Toilet paper, wet wipes, wet leaves, green leaves, dry leaves, river rocks, regular rocks, sandy rocks (ouch), moss (yuck), snow, a stick: in my backcountry career, I’ve attempted to wipe my bottom with just about anything even vaguely suited to the task. I’ll never do it again.
Anyone who’s been out in the backcountry lately knows that the infamous “Charmin bloom” is now the fastest spreading invasive species out there. Bless (or something) those souls who think that sunlight and magic disappear toilet paper. We know better: proper poo technique is always a must, but there’s still the tricky business of what to do with the wipings.
At first we all learned to bury, then, in an effort to leave less of a trace, we made the transition to packing it out. So did I, selecting the double-bag method and resigning myself to washing my hands raw after just about every step to avoid contamination. But on a recent trip it dawned on me that I was literally carrying a bag of unmitigated bio waste for miles up and down mountain passes. If it wasn’t the grossness that put me off double bagging, it was the weight.
One morning in full squat, I recalled a video I’d seen a few years back. Some intrepid reporter in Texas tracked down trail legend Nimblewill Nomad and took the opportunity to ask the man how he did his business. With the matter-of-factness of a fellow who lives his life in hiker mode, Nimblewill pulled out a small water bottle with a hole in the cap and a soap container: his backcountry bidet.

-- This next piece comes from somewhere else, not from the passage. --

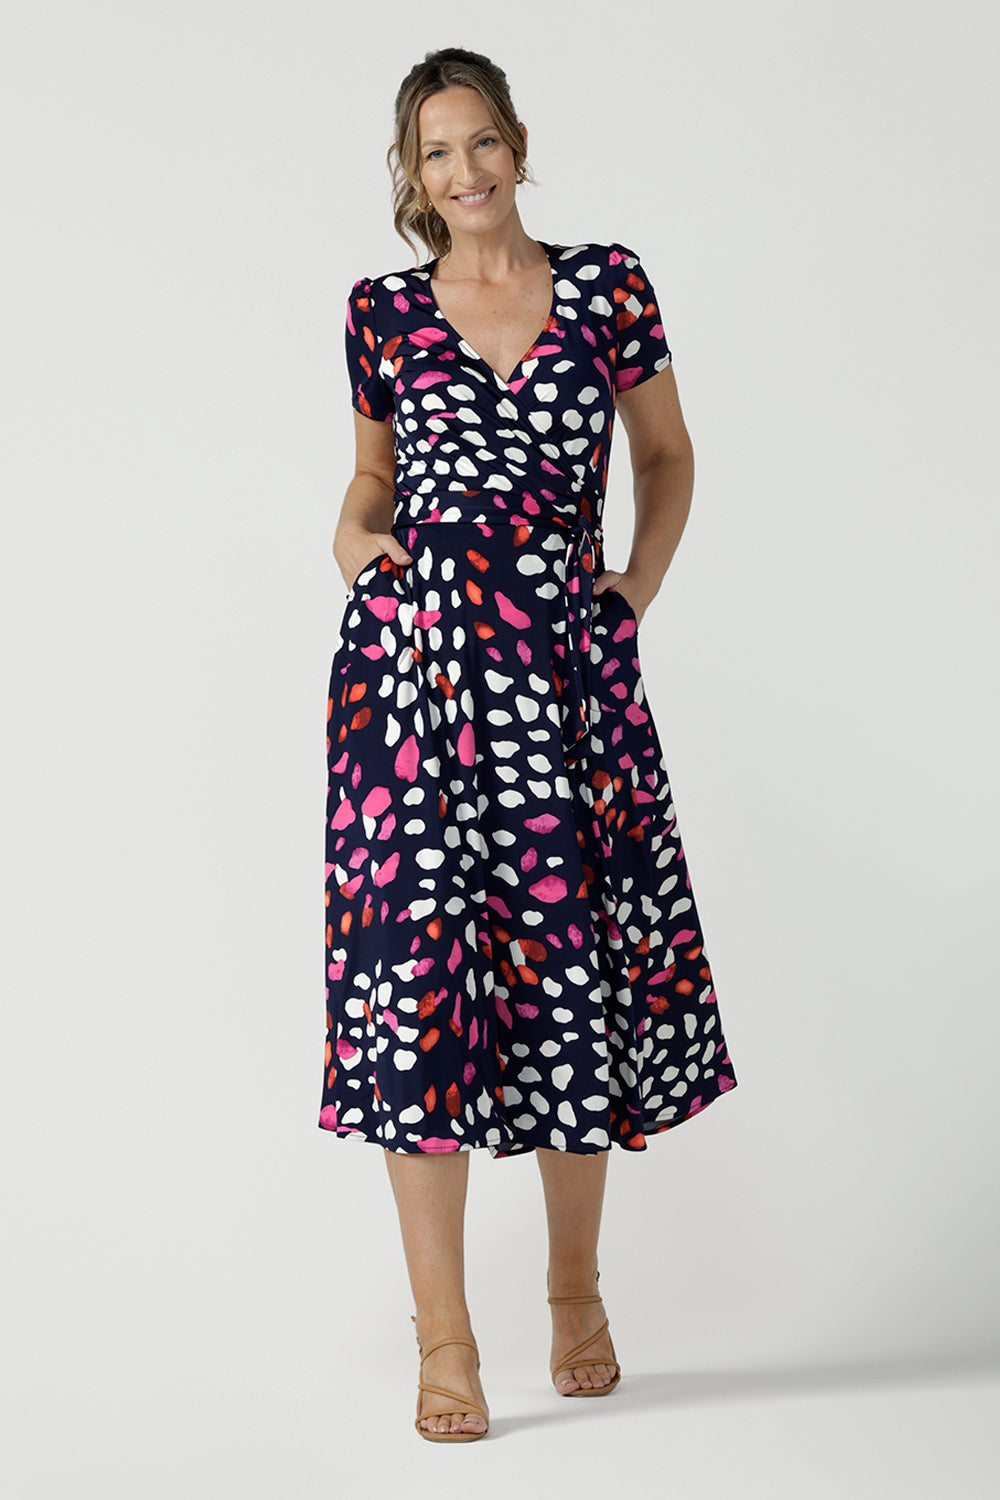 An over 40, size 10 woman wearing a abstract jersey print, wrap dress with short sleeves. A great dress for summer casual wear, or for travel. Shop made in Australia dresses in petite to plus sizes online at Australian fashion brand, Leina & Fleur.

That’s gross, I’d thought to myself. But was my way any better? There was the cat hole choreography and bipedal crab walking of not wanting to touch anything before I could wash up. And then there were the unfortunate instances where lost balance or a hand planted in the wrong place led to several rounds of sudsing and dousing with precious filtered water. The more trip days I have, the more that fall into the latter category, or so it seems.

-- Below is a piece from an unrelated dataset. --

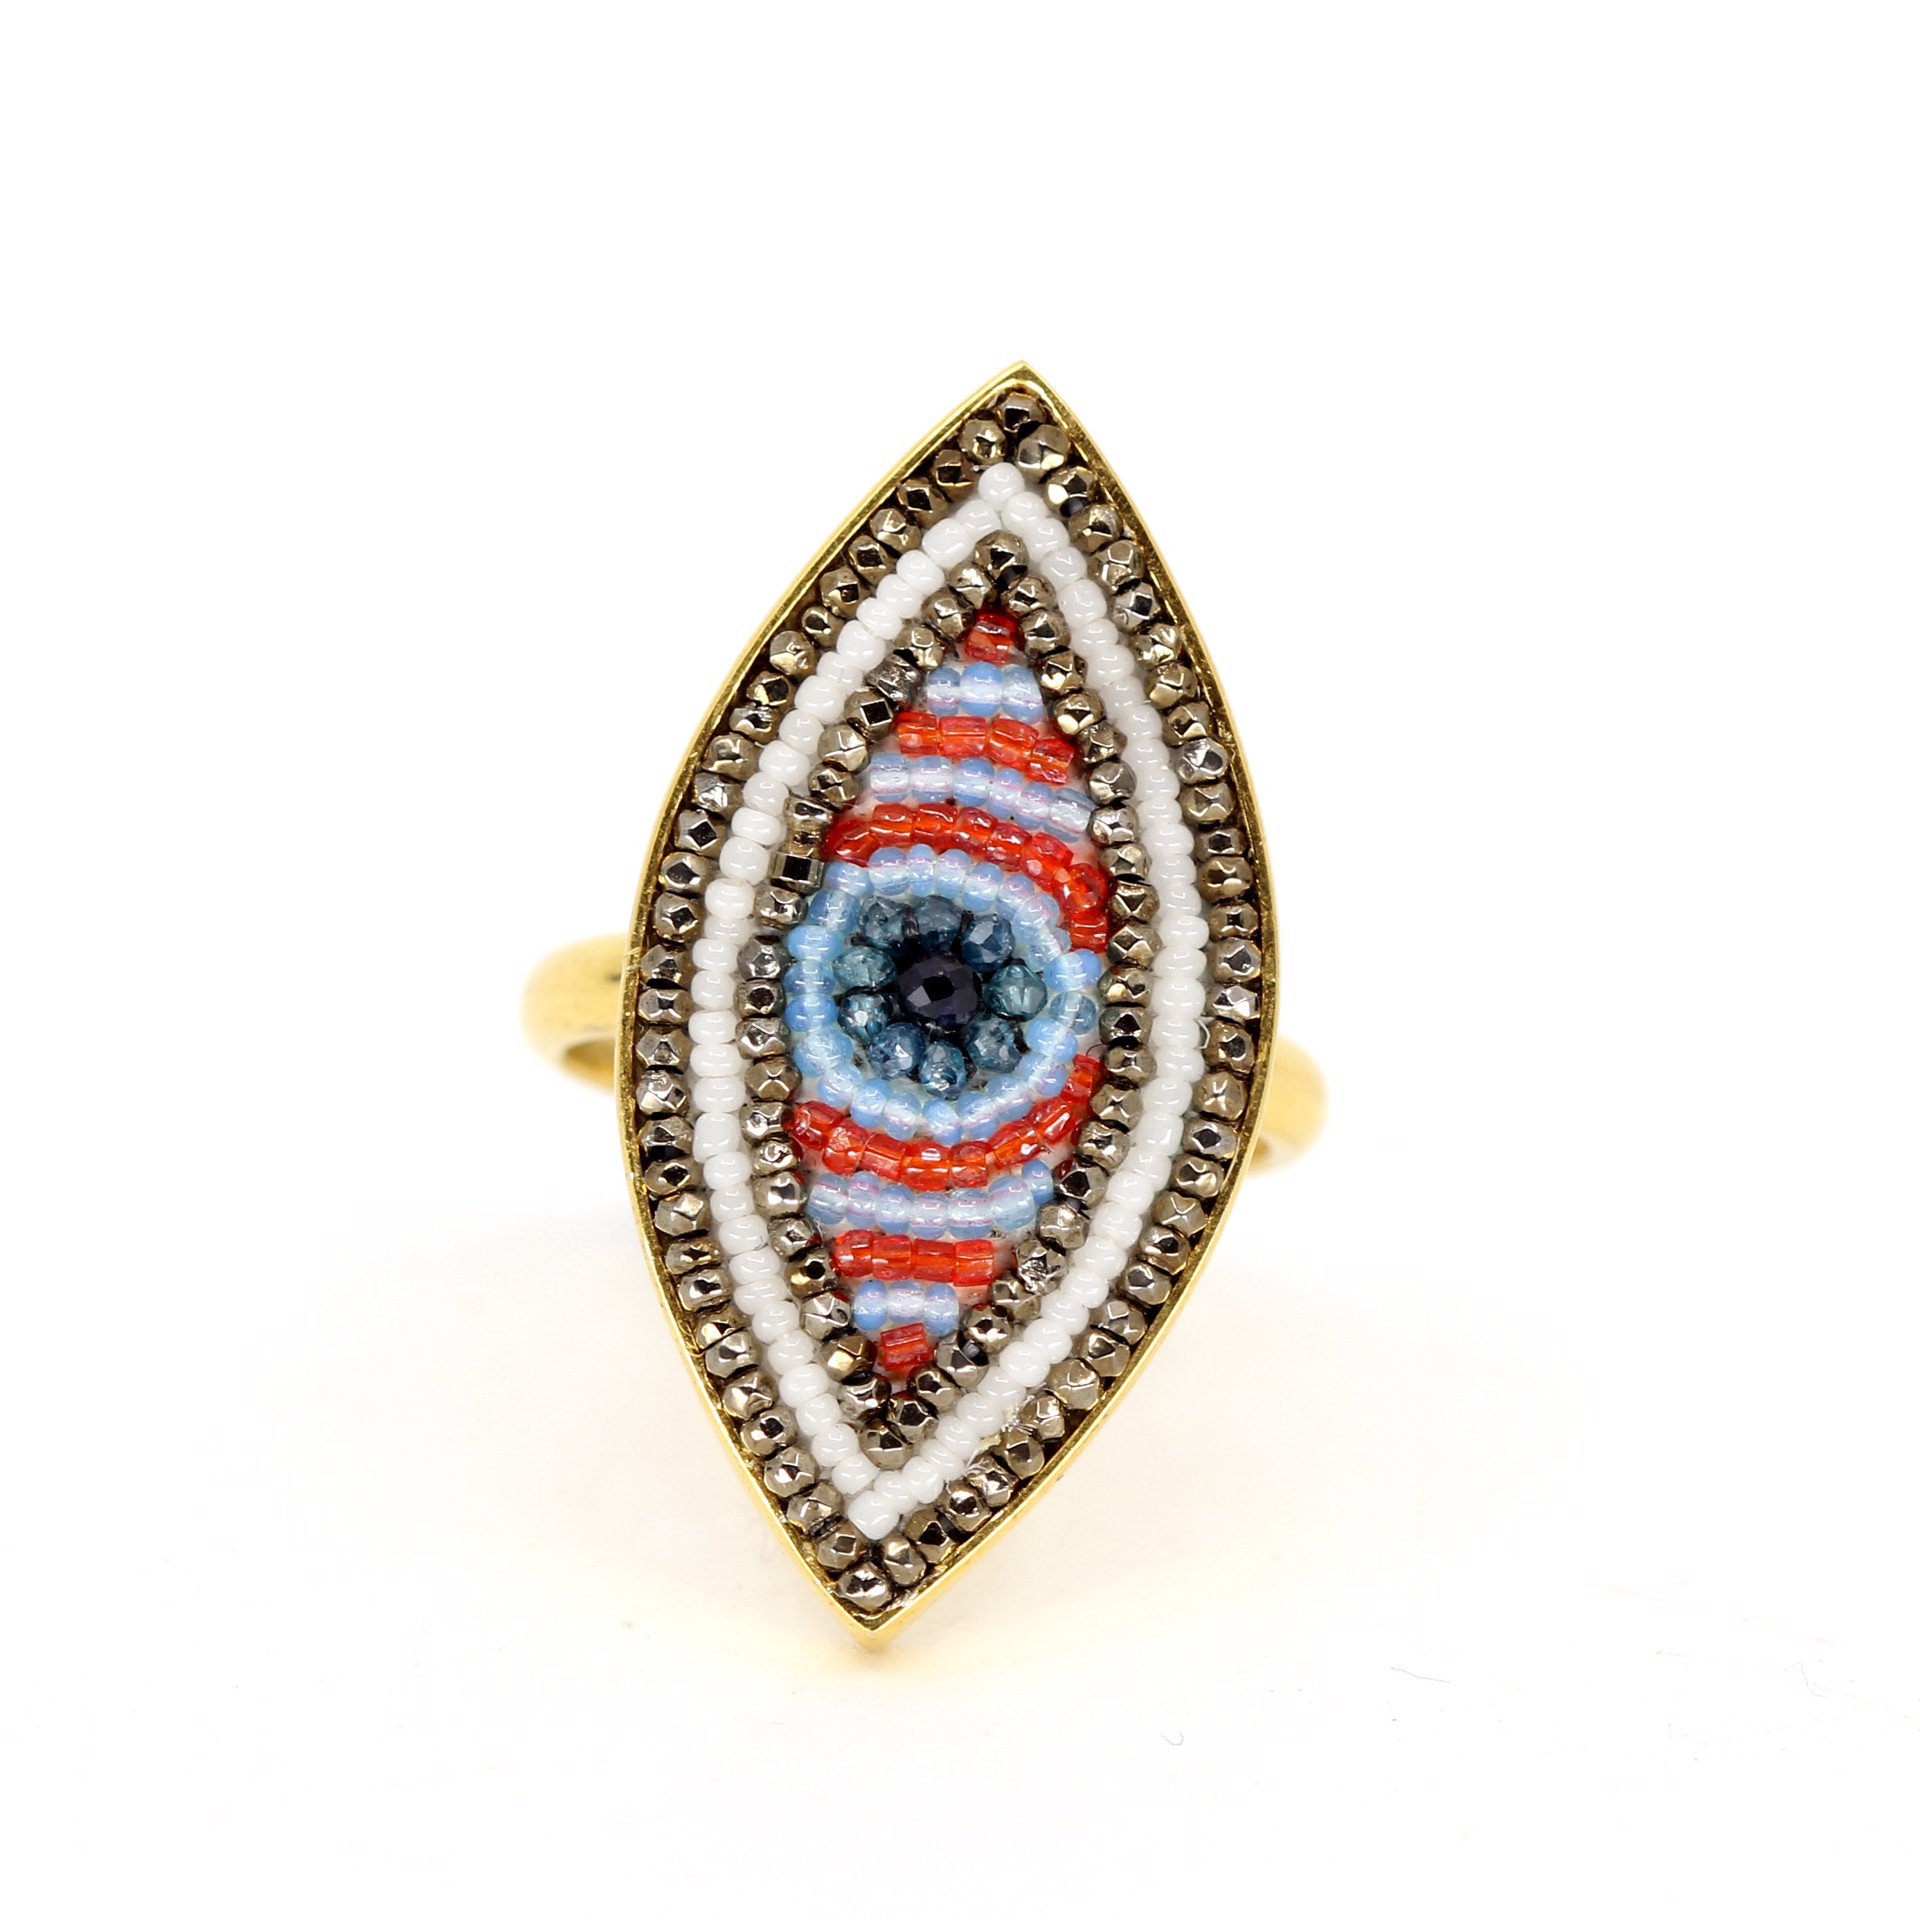 Sapphire Eye Ring by Hollis Chitto

So maybe ditch the TP and go natural. Sure, but who among us would argue that a leaf or even a handful of ‘em is up to the task? Even a dry river stone (my top pick among the in situ stuff) more scoured than squeegeed. Then there’s the not-super-clean feeling that combines with sweat to create a malodorous mélange or, way, way worse, a skin infection.

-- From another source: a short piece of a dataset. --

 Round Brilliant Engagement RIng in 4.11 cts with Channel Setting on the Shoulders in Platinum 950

So now, like Nimblewill, I’m bringing just three things to the cat hole: trowel, soap, and water. And I don’t even have to reset my feet between the act and clean-up. The result? Less water used, less of the poo-poo shuffle, fewer things contaminated, much less soiled TP in its special double bag giving me the gags every time I come across it, and, of course, that oh-so-clean feeling.
In the (rear) end, I think we’d all do well to take the advice of Del tha Funkee Homosapien, who urges us to “Wash your ass . . . or else you’ll be funky.” That’s a sort of funk that no one—and no place—needs.
Convinced? Make your own backcountry bidet by poking a hole in the cap of a screw-top water bottle with a nail, or just use one with a squirt nozzle. Alternatively, the CuloClean ($10) is a portable bidet attachment that plugs into any plastic water bottle.